Material provided
+++

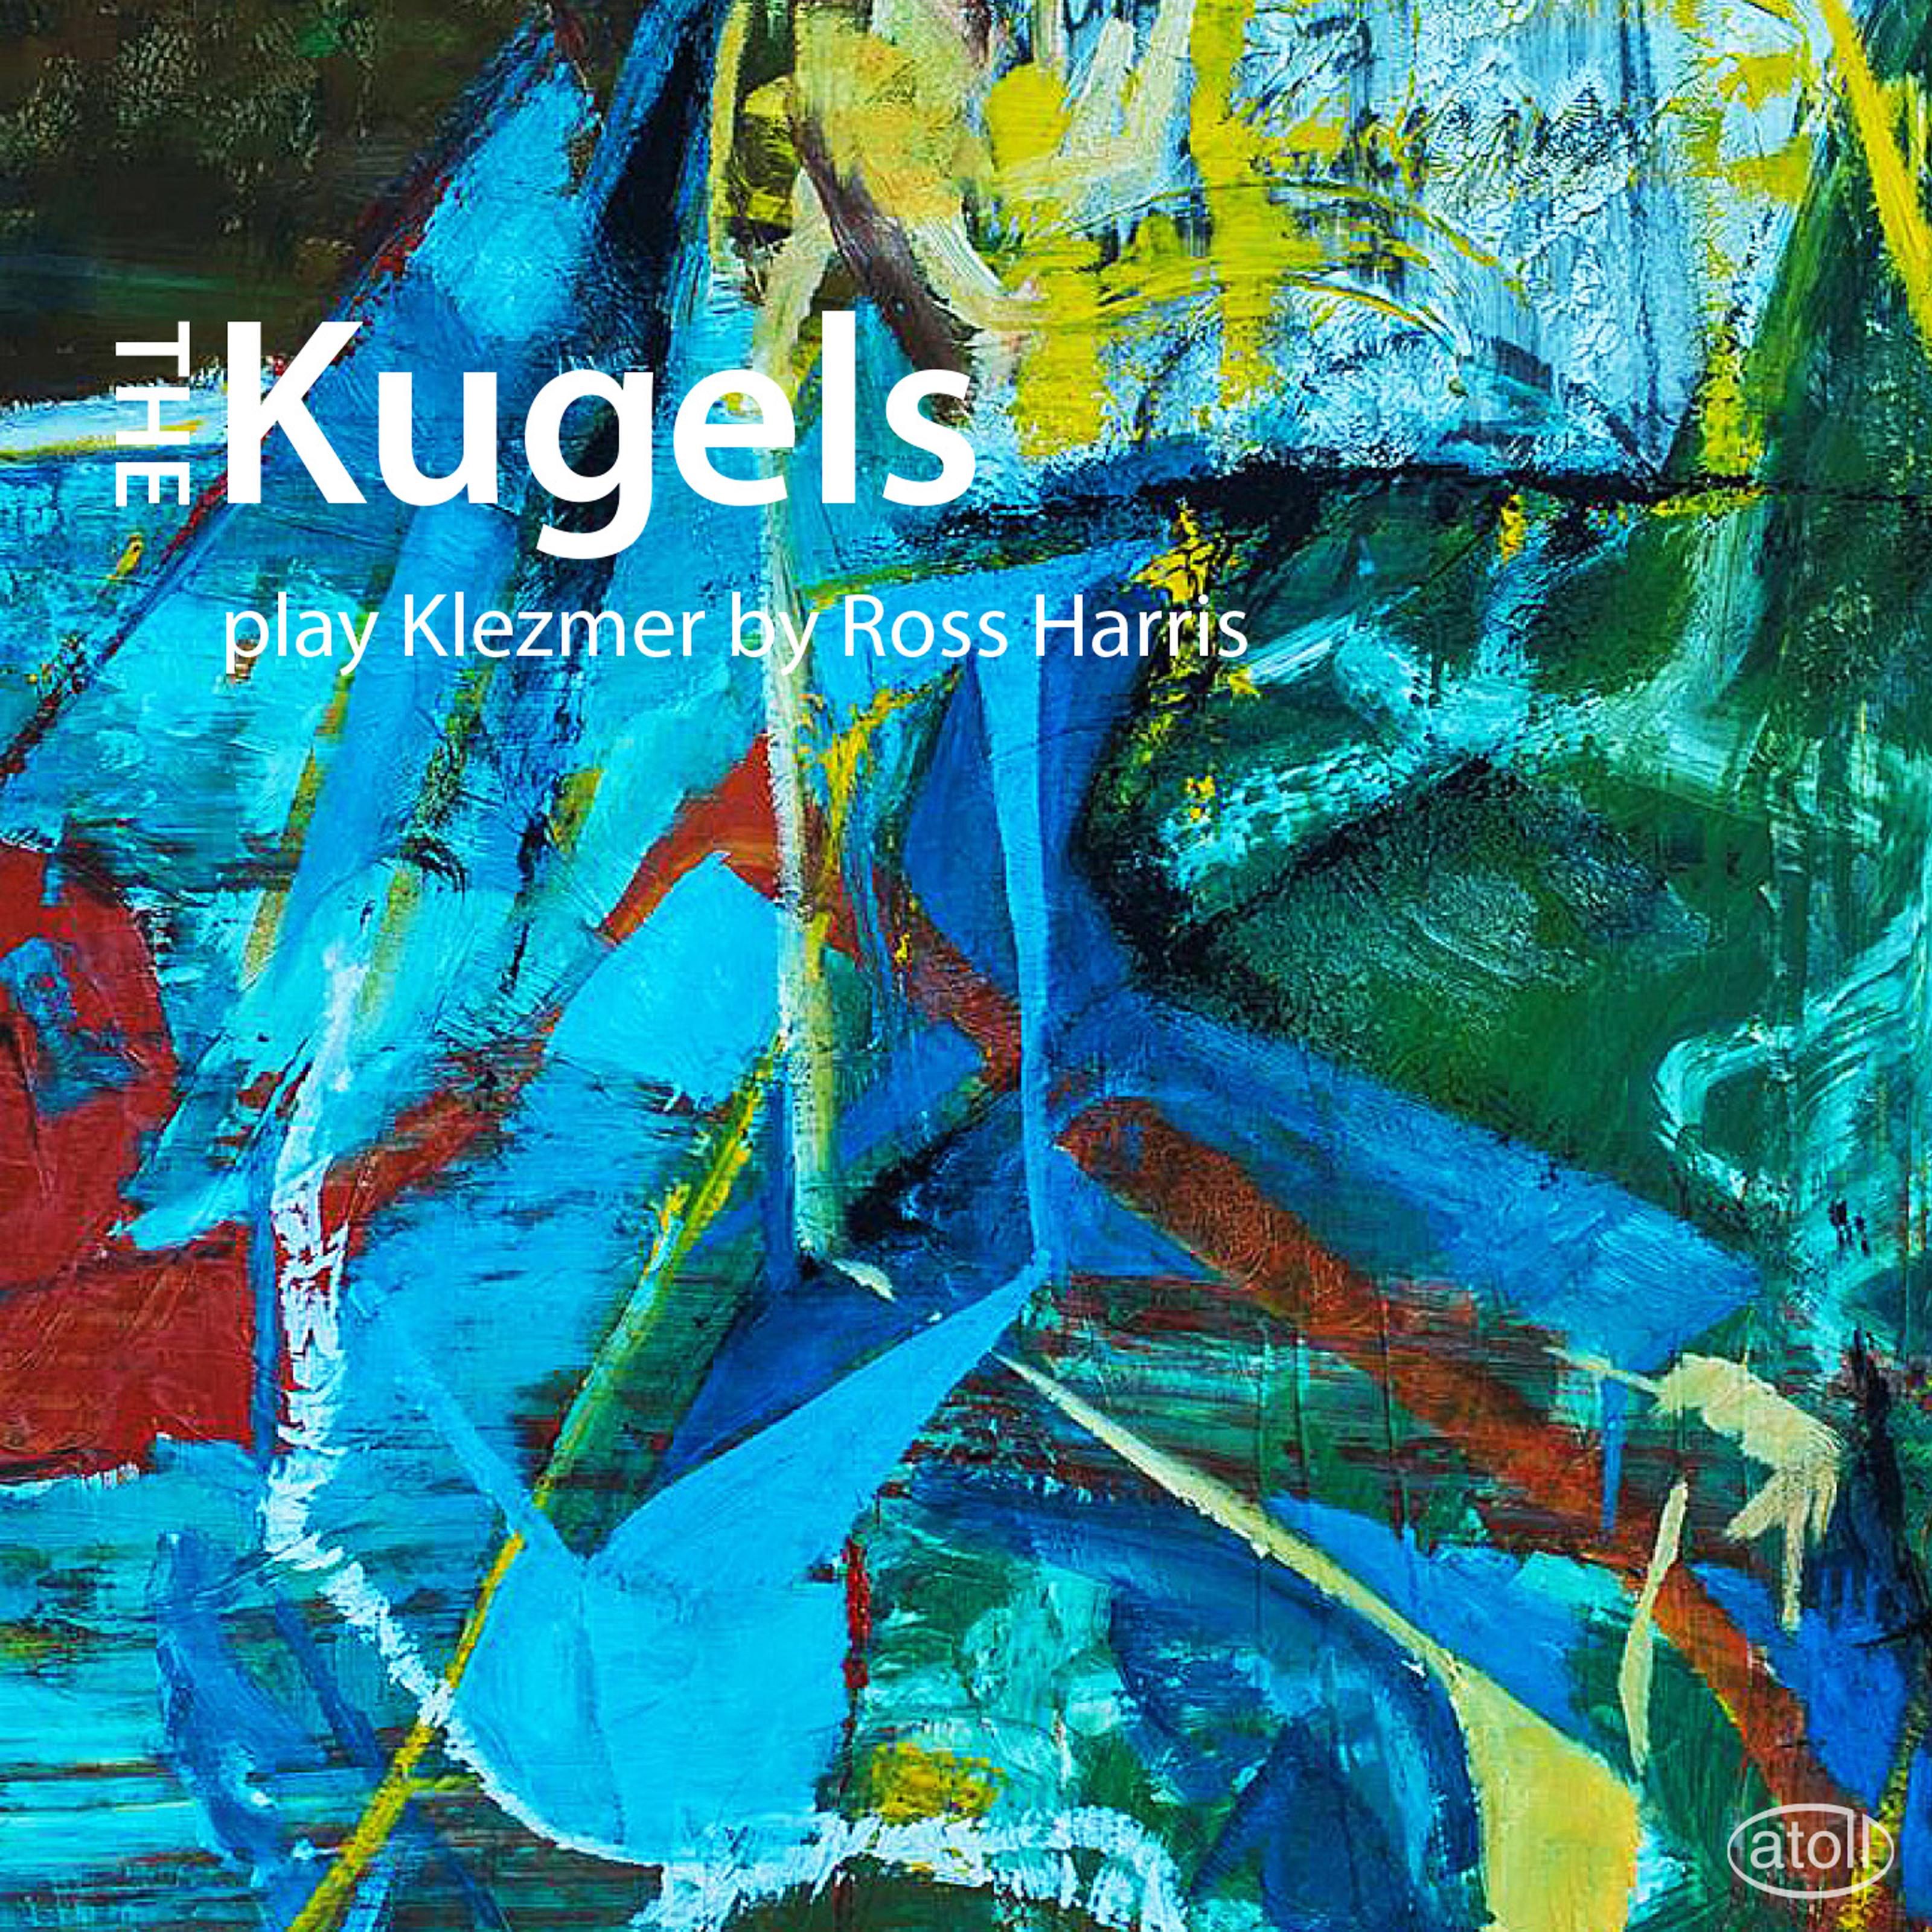 The Kugels Play Klezmer by Ross Harris
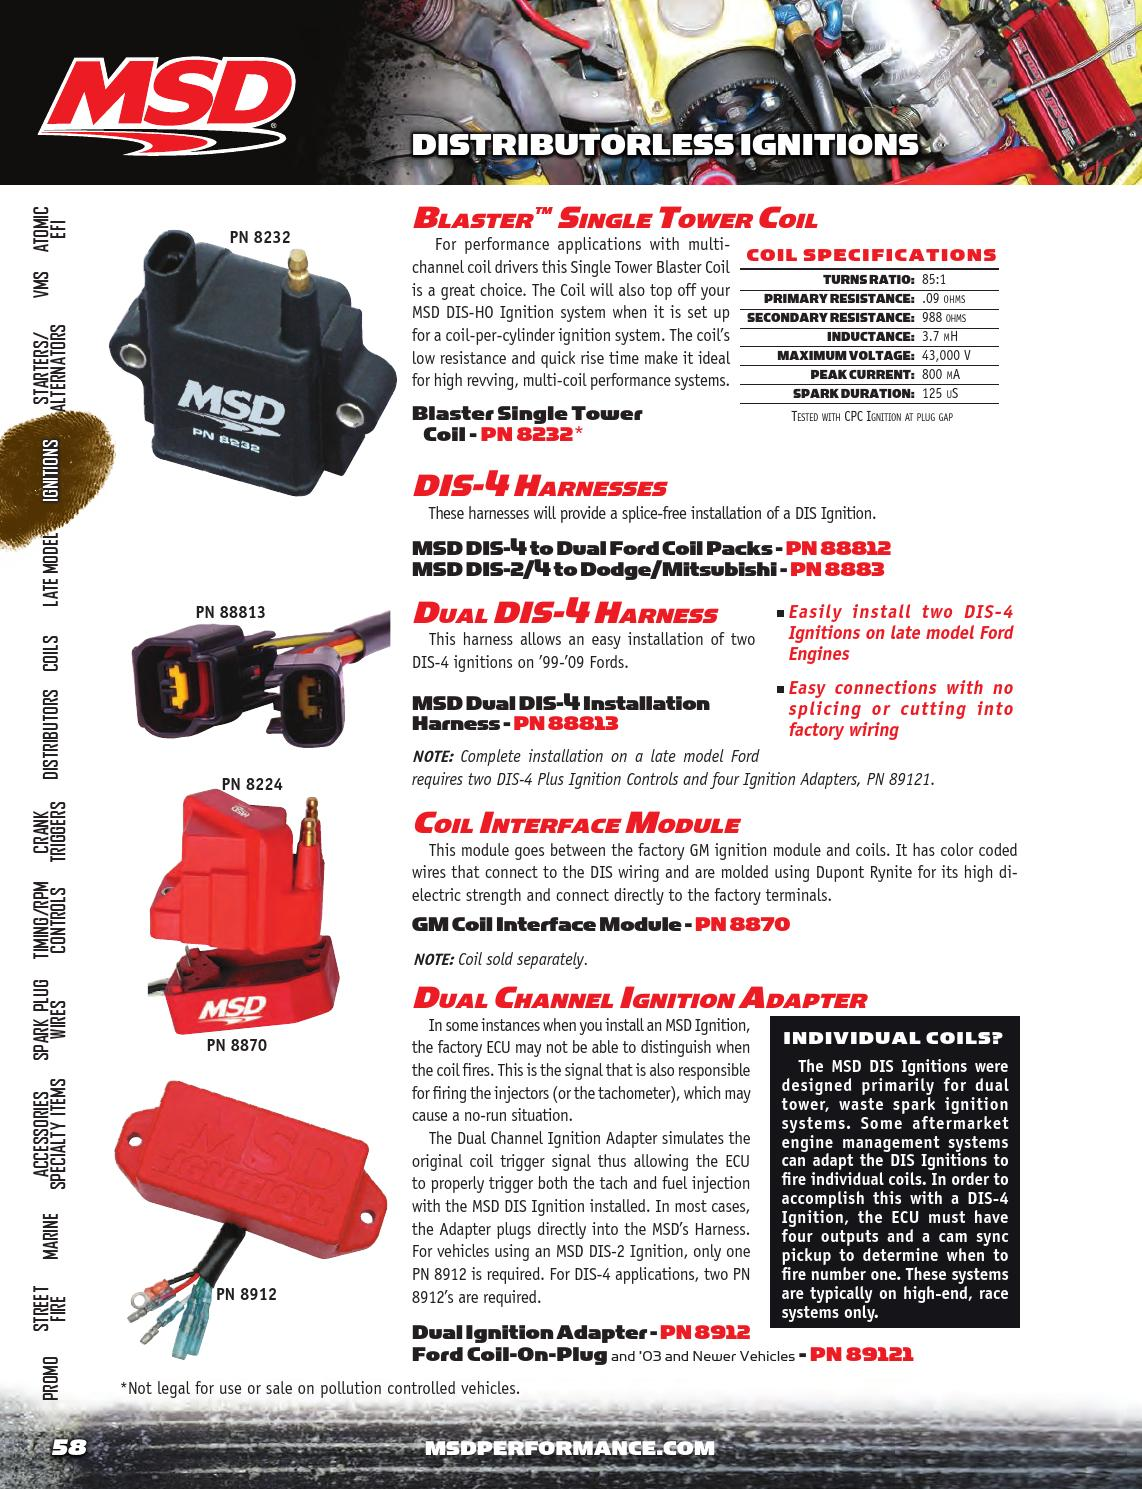 2014 Msd Catalog By Tmeyer Inc Issuu Engine Wiring Harness
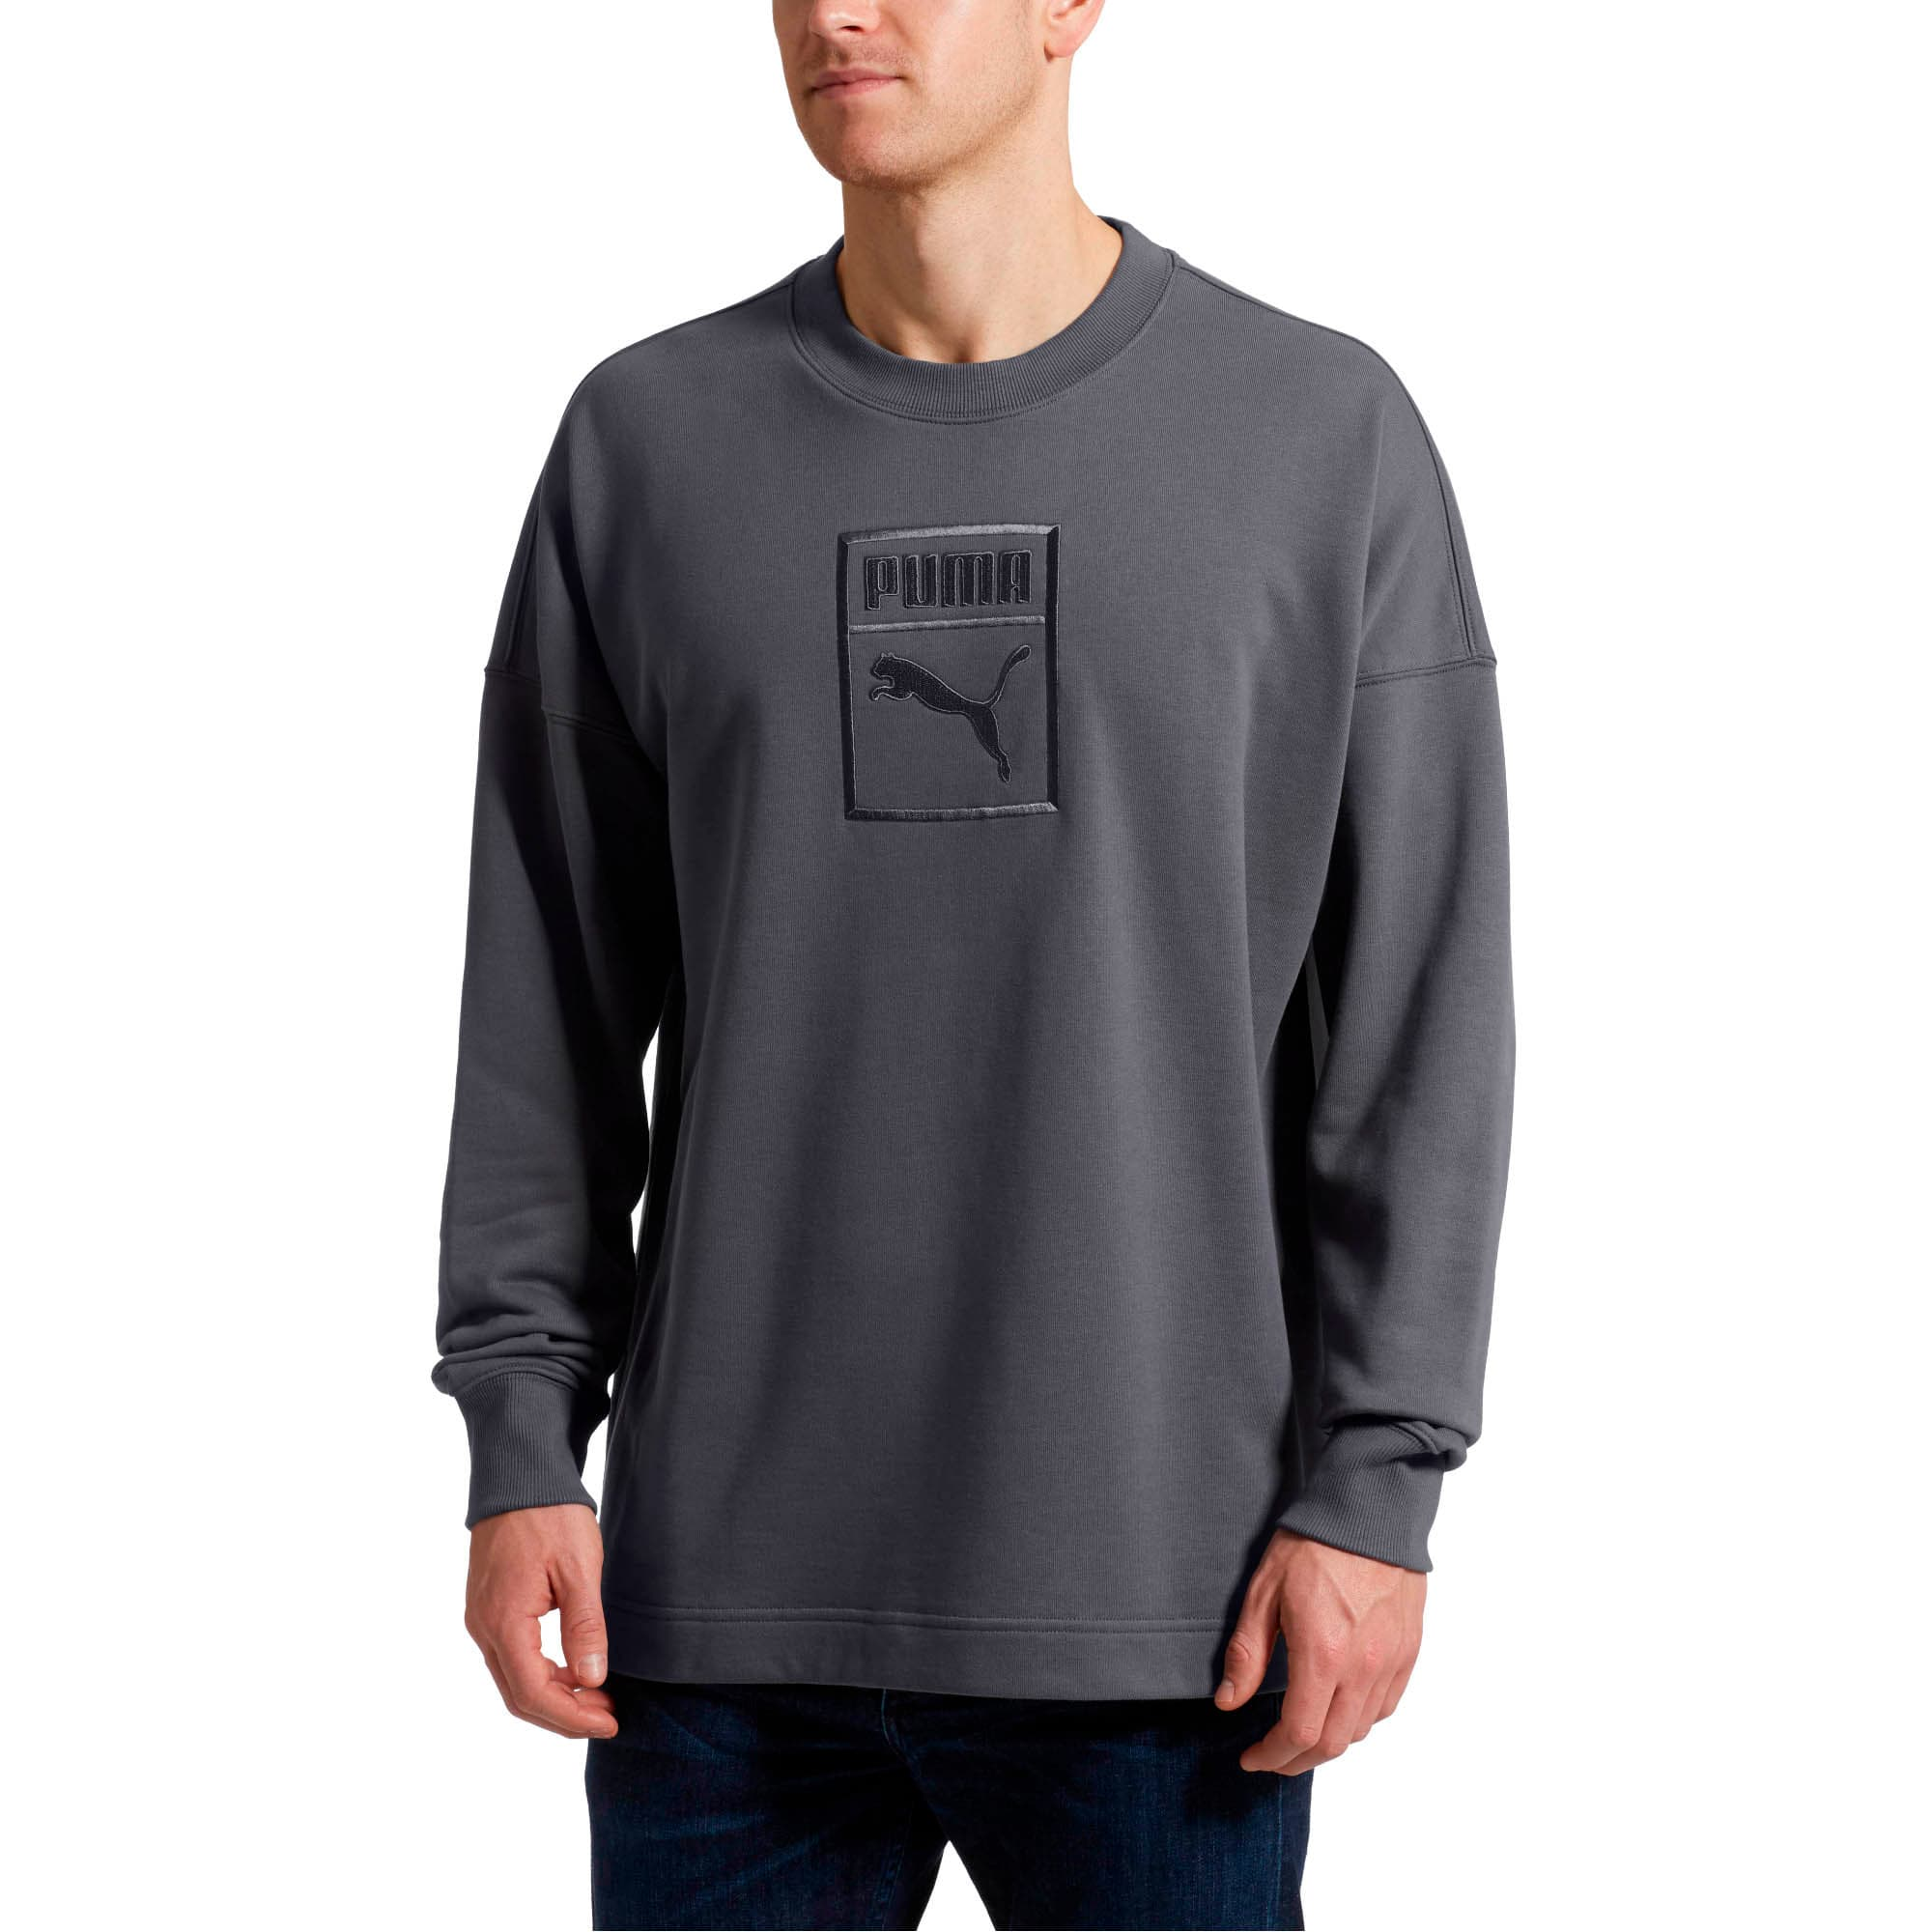 Thumbnail 2 of Classics Men's Downtown Sweater, Iron Gate, medium

+++

Exercise
Would you restate word for word only the lines from the line with "2014 Msd Catalog" to the last line above, with the pictures left out?

Solution to this task
 2014 Msd Catalog By Tmeyer Inc Issuu Engine Wiring Harness
 Thumbnail 2 of Classics Men's Downtown Sweater, Iron Gate, medium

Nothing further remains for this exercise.